Хачик опустился на стул.
— Понимаешь, в стройзоне утром серьезный шмон был. Охранники наши следы на КСП обнаружили. Стали нарушителей искать. Бытовку, конечно, осмотрели.
«Ну и дела! — испуганно подумала я. — Если бы не армейские сапоги, меня бы там взяли! Недаром говорят: что Бог не делает — все к лучшему!»
— И завтра, получается, тоже тревогу поднимут. Мы же с тобой опять через колючку прыгать будем, следы оставим! — продолжал Хачик. — Поэтому вы с Отари в кране встретитесь. Там искать не будут.
— Как это — в кране? — непонимающе уставилась я на Хачика. — В каком таком кране?!

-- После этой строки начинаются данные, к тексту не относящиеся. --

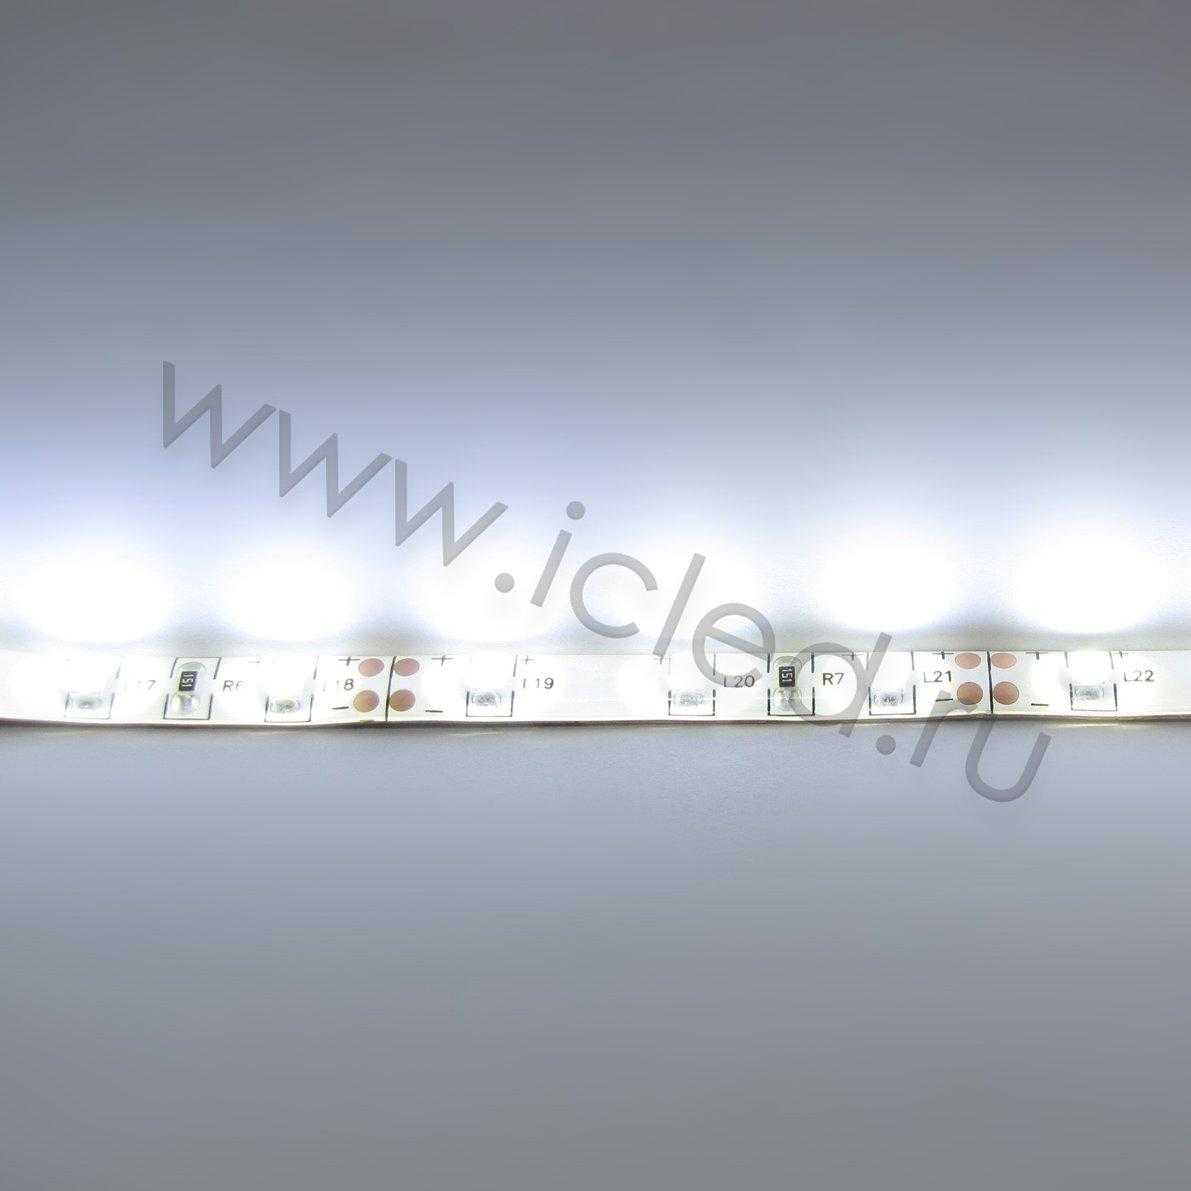 Влагозащищенные светодиодные ленты Светодиодная лента LUX class, 3528, 60 led/m, White,12V, IP65 Icled

— Он на стройке один. Монтажная самоходка на гусеницах. Стоит около недостроенного заводского корпуса. Ты его видела.
Я вспомнила проступающий сквозь рассветный сумрак массивный желтый корпус самоходного подъемного крана. И его задранную над строящимся домом длиннющую стрелу.
— Конечно, видела! — Мой голос зазвучал возмущенно. — Только там кабина, как аквариум, Хачик! В ней окна на четыре стороны света смотрят! Вы что, сбрендили?! — Я повертела пальцем у виска.
— Слушай, не кричи! — сморщился друг Отари. — Никто тебя в кабину не приглашает! Вы в машинном отделении будете!
Я сразу же поняла, что он имеет в виду корпус крана. Эта желтая махина, собранная из железных листов, была размером с Хачикову комнату, а то и больше. Места в ней нам с Отари хватит. Хотя…
— А что там внутри?
После того, как я побывала в захламленной грязной бытовке, этот вопрос возник сам собой.
— Порядок внутри! Я сегодня на стройку заскочил, Отари мне все показал, — успокаивающим тоном сказал Хачик. — Там, конечно, не гостиница. Два дизеля стоят, генератор, лебедка, ходовые механизмы всякие… Но все-таки место есть. Отари прибрался там, бушлаты постелил. Отдохнешь, пока ждать его будешь. Годится? — весело подмигнул он.
«Гостиница или машинное отделение крана… Какая разница? — думала я. — Мне нужен Отари, а не комфорт и красивый интерьер. Я хочу, чтобы у нас родилась дочка… Каким бы тесным и темным это место ни было, оно вполне подойдет! Только бы нас никто не тревожил!»
— А ты уверен, что охрана туда не сунется? Ну, когда опять следы на КСП обнаружит? — осторожно спросила я.
— На всякий случай вы изнутри запретесь. Там задвижка есть, — уверенно ответил Хачик. Похоже, в этот раз они с Отари все продумали до мелочей. — А замок с собой заберете. Кран завтра на стройке не нужен, машиниста из Славянки не будет. Спросить о ключе не у кого. Охранники потыкаются в дверь и уйдут. Так что все будет тип-топ, Оля! Ты меня кормить будешь сегодня, хозяйка? — засмеялся он.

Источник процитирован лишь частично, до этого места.